Even with those skills already at a high level, Vermes says Busio's biggest assets are on the mental side. He often doubles back to mention Busio's humility and also his passion, saying that those aspects have helped him get this far, this fast.
But no player is a finished product at 19. Even the best continue to learn, and Busio still has growing to do and other plans to ruin.
And, when asked, Vermes is able to pinpoint one weakness: respect, and not a lack of it. There are times, Vermes says, where Busio does not know how good he is, does not understand what he can do if he simply decides to do it.
He remembers watching Busio play Teqball as an academy player and be hesitant, afraid of embarrassing his team-mates. That attitude, in some ways, has stayed with him in the professional game, and Vermes is eagerly waiting for the day that Busio simply stops caring about what others may think.
"He scores this incredible free-kick," Vermes says reflecting on a stunner Busio scored against the Houston Dynamo earlier this year. "We were training the day before, and I told one of my assistants that if he gets a free-kick, I'll guarantee he's going to score it. He's just so good at it. He's precise and you can just see it. You could just see it was coming.
"The key was is he going to step up and say, 'Hey, I got it,' because he's respectful of the other guys around him. We have Johnny Russell, [Alan] Pulido, who have been around the game longer than he has.
"He's respectful of that, but when he decides that he doesn't have to do that anymore, and it's when he decides because he can do that right now, I think that's the thing. It's just him saying, 'It's now me, my turn, my time, and I don't have to be respectful of everyone else around me'."
In some ways, that will be key to Busio's next step, which is set to come sooner rather than later. He is reportedly closing in on a move to Venezia, with MLSSoccer.com reporting that the newly-promoted Serie A side have offered $7 million (£5m) and a sell-on percentage to sign him away from Sporting KC.
For his part, Busio has seemingly been unfazed, having carried on making his mark with Sporting KC and, now, the USMNT.
“That stuff will figure itself out, I think. I have people around me who can handle that for me,” Busio said. “My main focus is just on playing soccer, and right now I'm focused on the Gold Cup and playing as well as I can.”
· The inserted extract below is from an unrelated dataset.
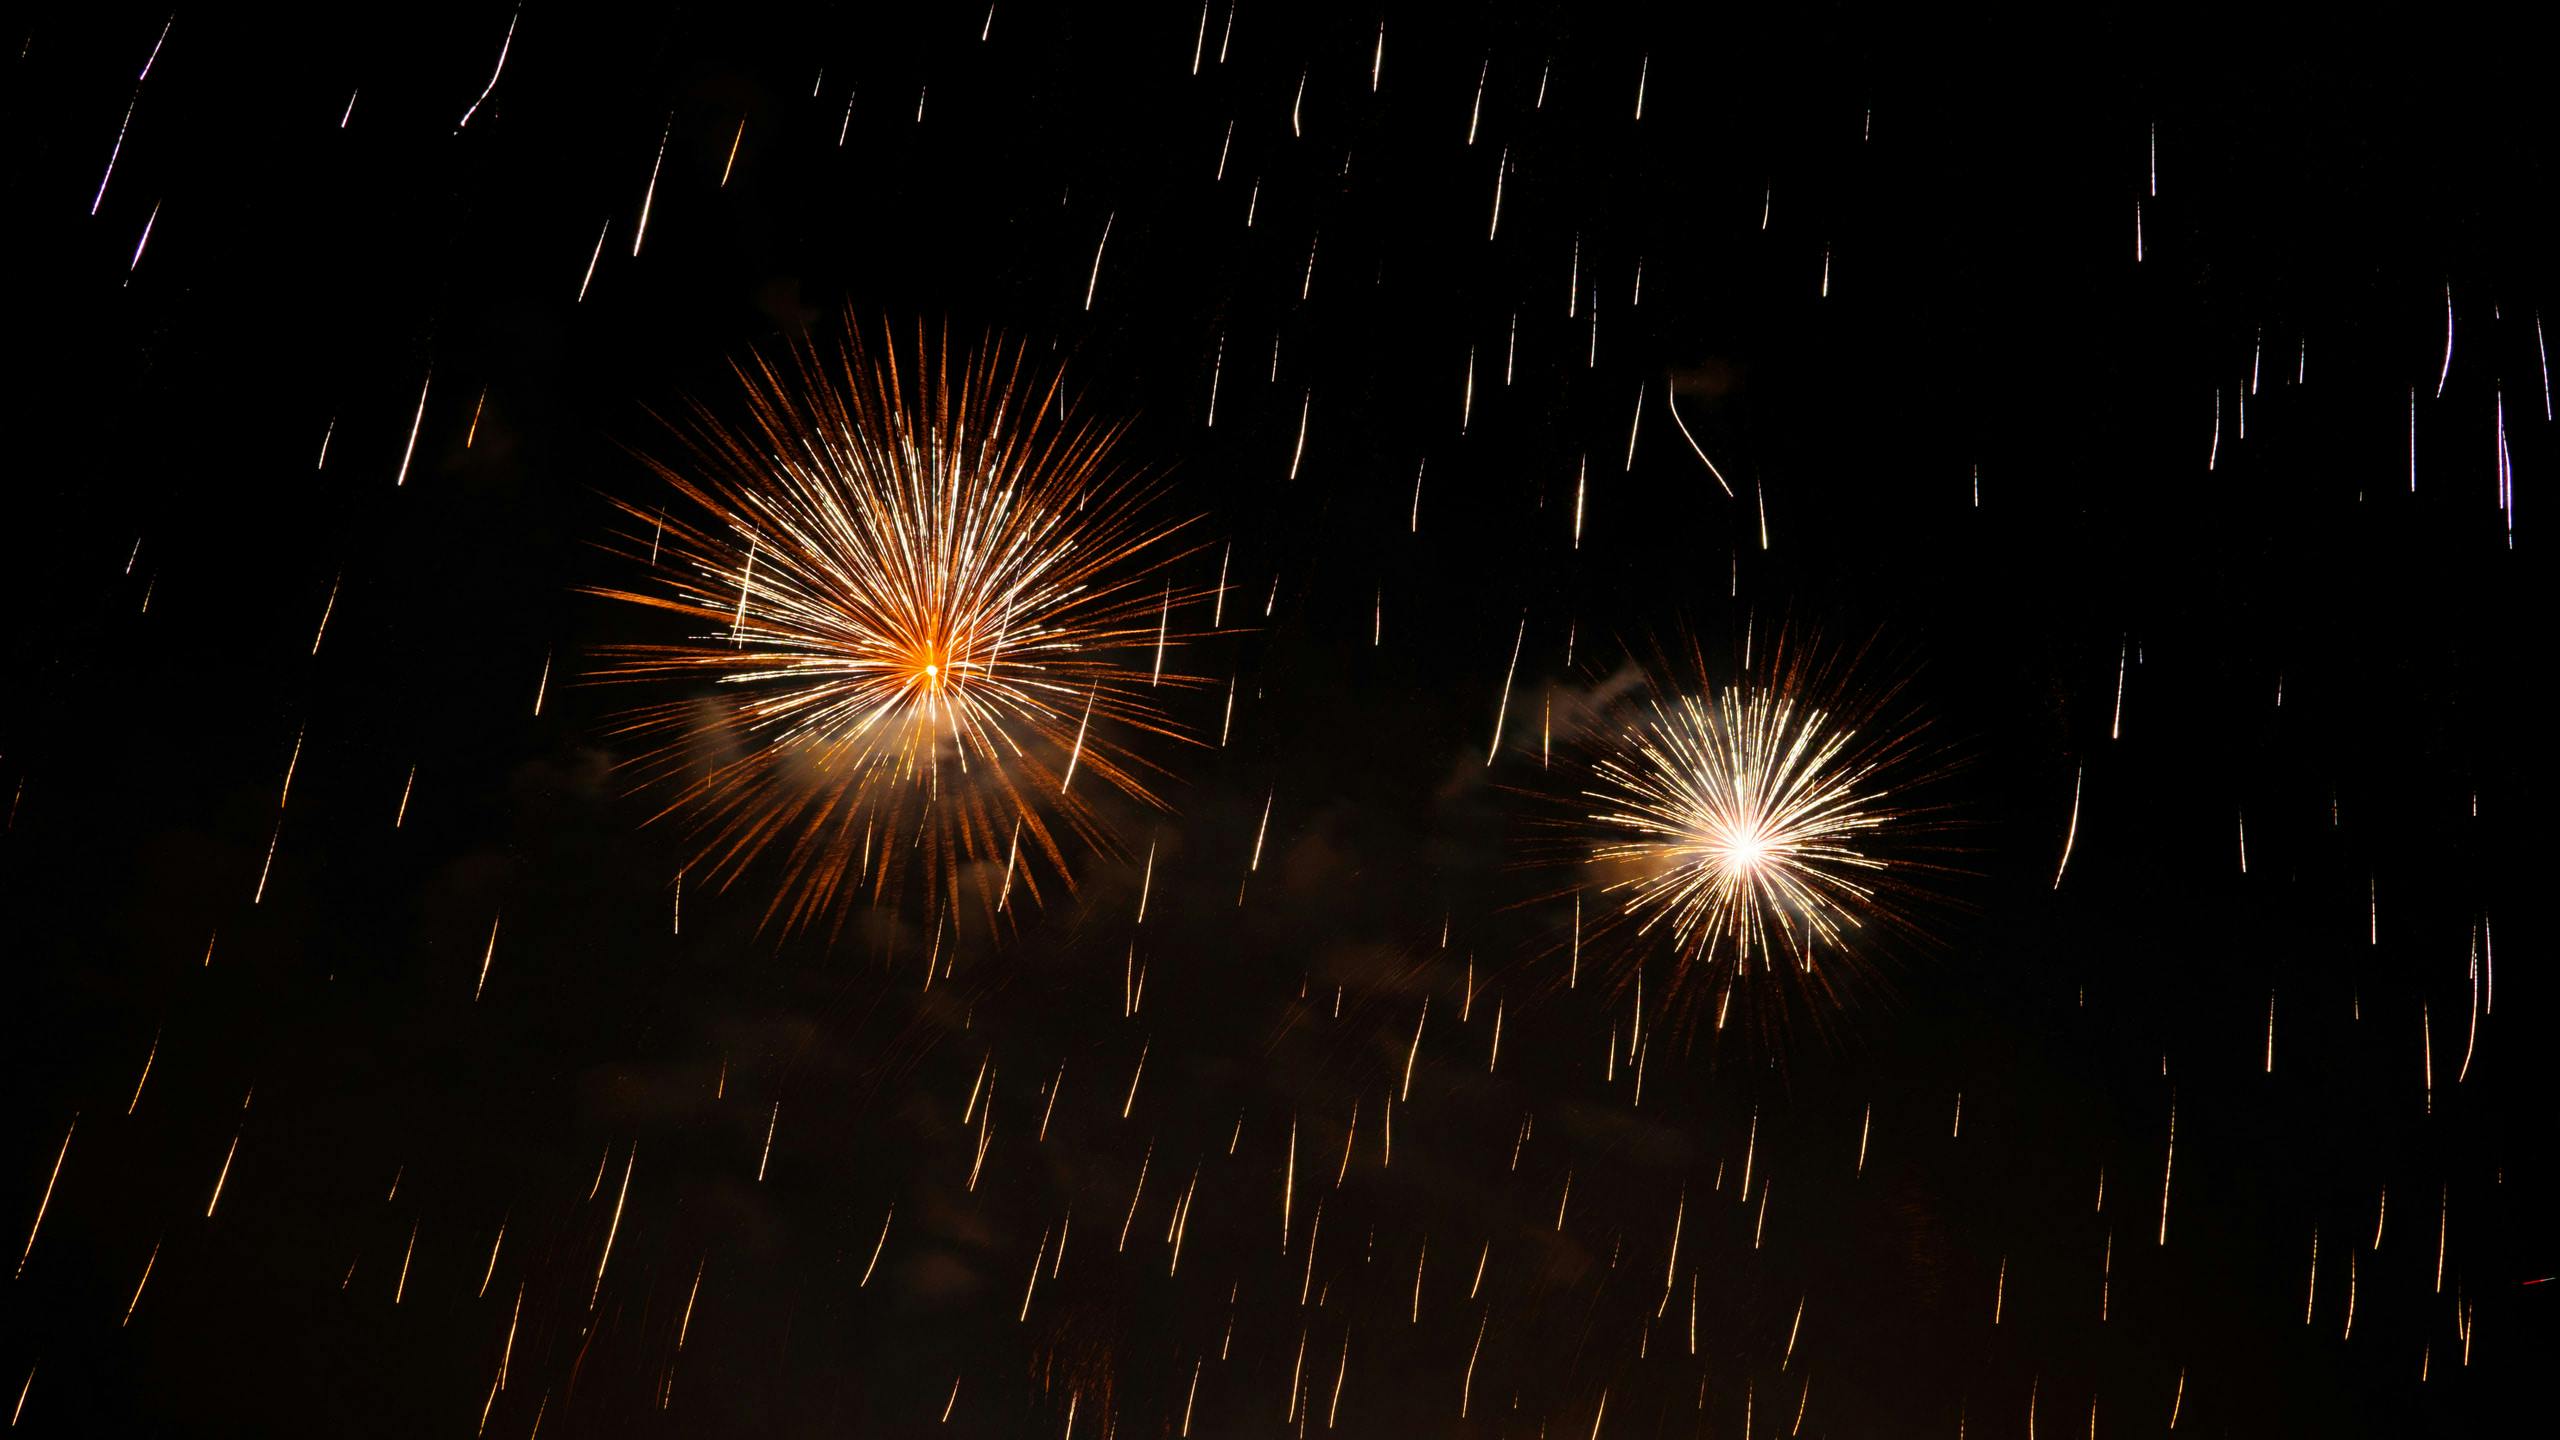 Fireworks with rainy strokes of sparks falling down

Good things have happened for Busio in the years since that pre-season trip. His steady rise has seen him climb higher and higher, surpassing expectations while creating new ones along the way. And now, he is pushing towards a new level, one loaded with senior internationals and European stars.
In Vermes' eyes, he's more than ready for it.
"He doesn't get mixed up in what club is going to buy him and understands that everything is centered around him playing well," Vermes says. "I think he's a person of the present. He just really understands the situation and he just loves the game, which is a big piece of why he is who he is.
"He really loves the game. He knows the game of soccer internationally, follows the Champions League, follows everything and he's very aware of how he fits into that landscape and what he wants as a player.
"He's a kid that I know is going to hit an incredibly high ceiling. His ceiling is incredibly high because of what I have seen him do over the last four years or five years,
"It's been a consistent progression and evolution in his play that has been just nothing but positives."